Die meisten dieser angeklagten Männer hätten tatsächlich gedacht, dass Dominique Pelicot über die Zustimmung seiner Frau entscheiden konnte. Dominique Pelicot selbst gab als Motiv und Rechtfertigung vor Gericht an, seine Frau sei das Gegenteil seiner Mutter gewesen: Kein Stück unterwürfig!

Wie weiter?

Manon Garcia plädiert mit ihrem Buch «Mit Männern leben» für ein starkes Miteinander von Frauen und Männern: «Interessiert euch für das Patriarchat und bekämpft es, selbst in den kleinsten Aspekten eures Lebens. Hört auf, den Männern um euch herum, die sich eurer Meinung nach unangemessen verhalten, Ausreden und Entschuldigungen zu liefern.»
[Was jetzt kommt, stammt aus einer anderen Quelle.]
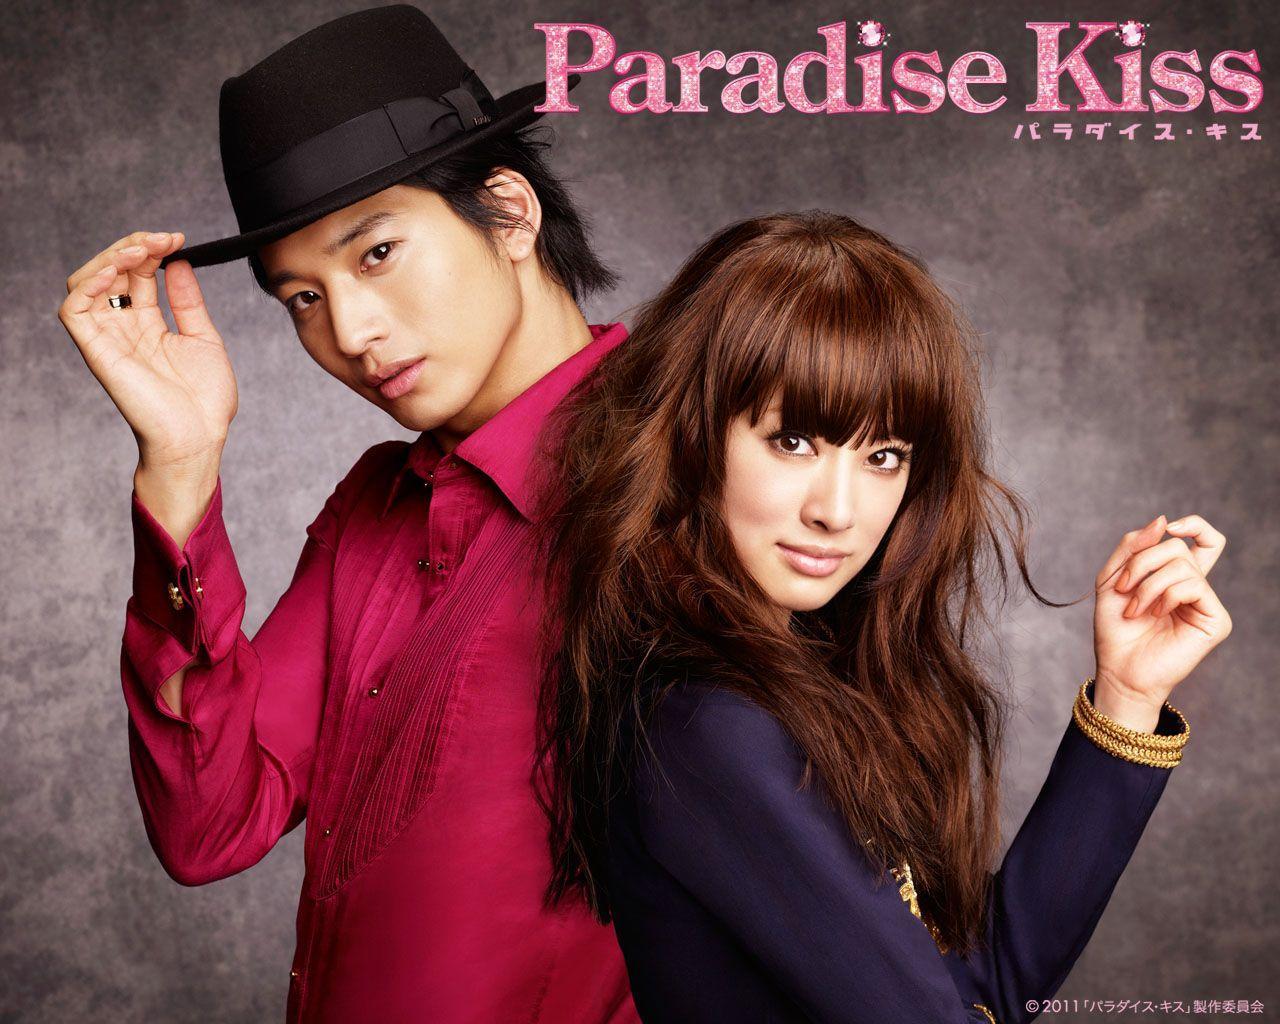 best image about paradise kiss. Studios, Posts

Und sie macht sich stark für ein Erotisieren der Gleichheit statt der Herrschaft. Heisst: Weg von der Vorstellung, dass männliche Dominanz und weibliche Passivität «natürlich» oder «erotisch» seien. Also: Begehren nicht mehr mit Macht, sondern mit Gegenseitigkeit zu verknüpfen, Einvernehmlichkeit nicht nur als juristische Kategorie zu verstehen, sondern als Ausdruck einer gegenseitigen Anerkennung und Freiheit. Es geht darum, neue erotische Fantasien und Praktiken zu entwickeln, die nicht auf Dominanz und Unterwerfung basieren, sondern auf Respekt und Gleichheit.

Garcia sieht darin einen emanzipatorischen Weg, um aus patriarchalen Mustern auszubrechen. Sie fordert dazu auf, nicht nur gesellschaftliche Strukturen zu verändern, sondern auch die Vorstellungen von Lust, Begehren und Intimität zu hinterfragen und neu zu denken.